The public has massed another T$2.2 billion, local media said. Taiwan companies and entrepreneurs are pledging nearly 300 million yuan ($42.9 million), while others, including president-elect Ma Ying-jeou, donated smaller sums of money or supplies such as tents, sleeping bags and medicine.

"It's hard to say for sure this is the world's highest amount (of aid for this disaster), but according to the news out there so far, it should be," said Tung Chen-yuan, vice director of the Taiwan government's Mainland Affairs Council.

China has claimed sovereignty over self-ruled Taiwan since the end of the Chinese civil war in 1949, and the relationship between Beijing and Taipei has been stormy. Beijing has vowed to bring the island back under its rule, by force if necessary.

But China on Thursday accepted a Taiwan-based China Airlines offer to fly relief materials to Sichuan province, Xinhua news agency said. For security reasons and political concerns, Taiwan aircraft seldom land in China.

A Taiwan Red Cross search-and-rescue crew was cleared to head for China on Friday, the island's government said. The crew will share Taiwan's 1999 earthquake aftermath experience with beleaguered Chinese search-and-rescue personnel.
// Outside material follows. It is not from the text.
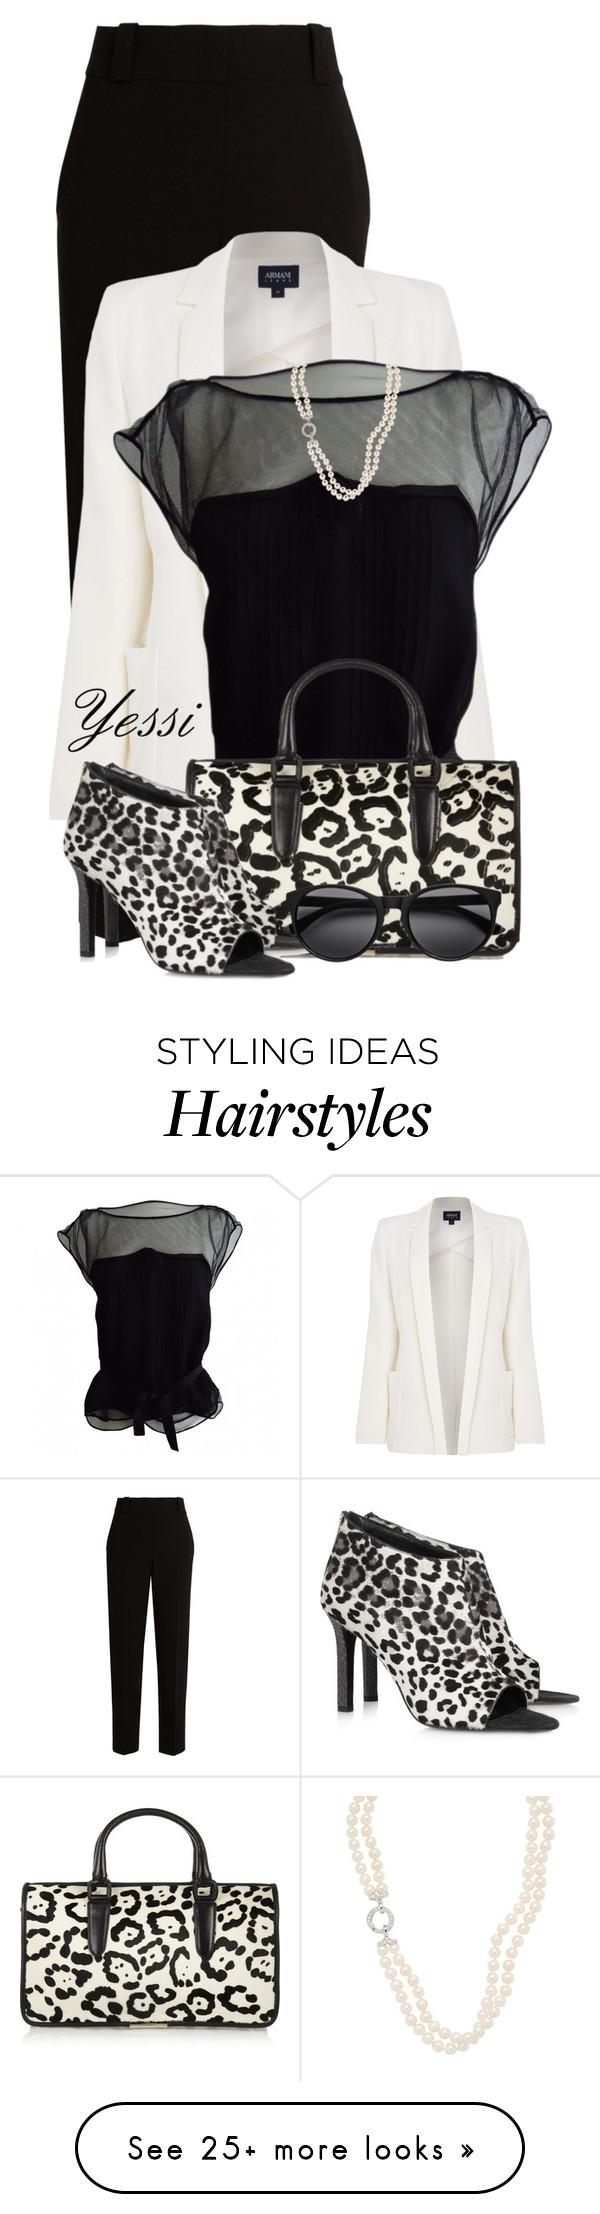 """~  Tamara Mellon Bag & Shoes  ~"" by pretty-fashion-designs on Polyvore featuring The Row, Armani Jeans, Louis Vuitton and Tamara Mellon"

Officials and donation collection agencies said because Taiwan received aid after its own deadly quake in 1999, many on the island feel obligated to give back. The September 21, 1999 quake measured 7.1 and killed 2,416 people.

"Taiwan has gone through quakes before, so we have that unique experience," said Master Chueh-pei, spokeswoman for Taiwan's Fo Guang Shan Buddhist organization, which sent medicine to the frontlines. "And then China is right next to us, so there's a brother-like relationship and a sense of racial similarity."